Klimatisierte Bushaltestellen und selbstfahrende U-Bahnen – unser erster Tag in Dubai

Posted on

Gummi-Chicken á la Dubai

In Dubai angekommen sind wir erstmal am Verhungern. Wir müssen dringend etwas essen und finden ein chinesisches Restaurant. Das ist ganz lustig, denn man bestellt sich seine Sachen und kann sich die dann auf der tischeigenen Kochplatte selbst zubereiten. Oder kann Sachen dort weiter köcheln lassen. Da wir aber gerade noch wenig experimentierfreudig sind, haben wir nur ein paar kleine Fleisch-Spieße bestellt, mit denen man gar nichts mehr machen muss. Außerdem wollten wir auch nicht so viel Zeit mit dem Essen verplempern, sondern gleich die Stadt erkunden.

Essstäbchen und Kochplatte

Ich weiß nicht mehr, was genau ich da bestellt hatte, aber die eine Sorte Spieße schmeckte nach gar nichts, hatte dafür aber die Konsistenz eines Fahrradreifens. Als kaute man auf Gummi herum. Man konnte es gar nicht essen, weil man nur mit den Zähnen darauf herumqietschte, es aber nicht zu zerkleinern war.

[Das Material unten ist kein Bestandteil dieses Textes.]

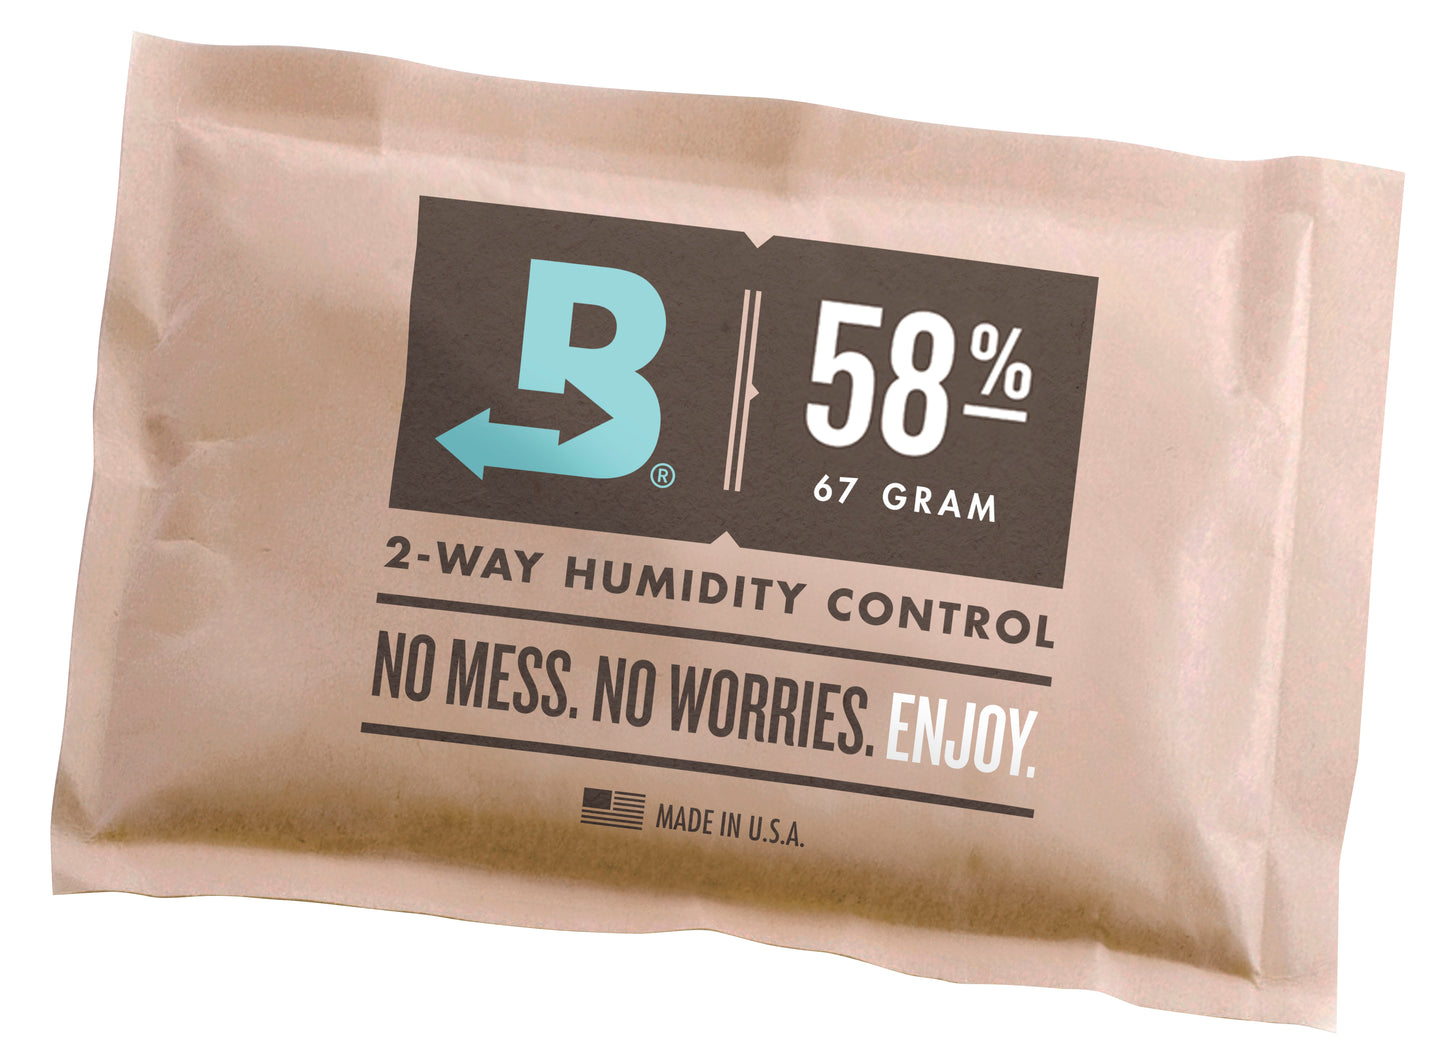 Boveda 2-Way Humidity Packs 58%

Moderne trifft auf Tradition

Anschließend ging es aber dann los. Wie erkundet man denn so eine neue Stadt? Wir, indem wir einfach drauf los gehen. Wir kamen zum Dubai Creek, der durch die Stadt fließt. Mitten zwischen unzähligen, modernsten Wolkenkratzern fahren hier motorisierte Holzboote als Wassertaxi von einem zum anderen Ufer und bringen die Leute rüber. Sieht richtig un-modern aus, hilft aber wenigstens, etwas arabisches Flair zur Stadt beizutragen.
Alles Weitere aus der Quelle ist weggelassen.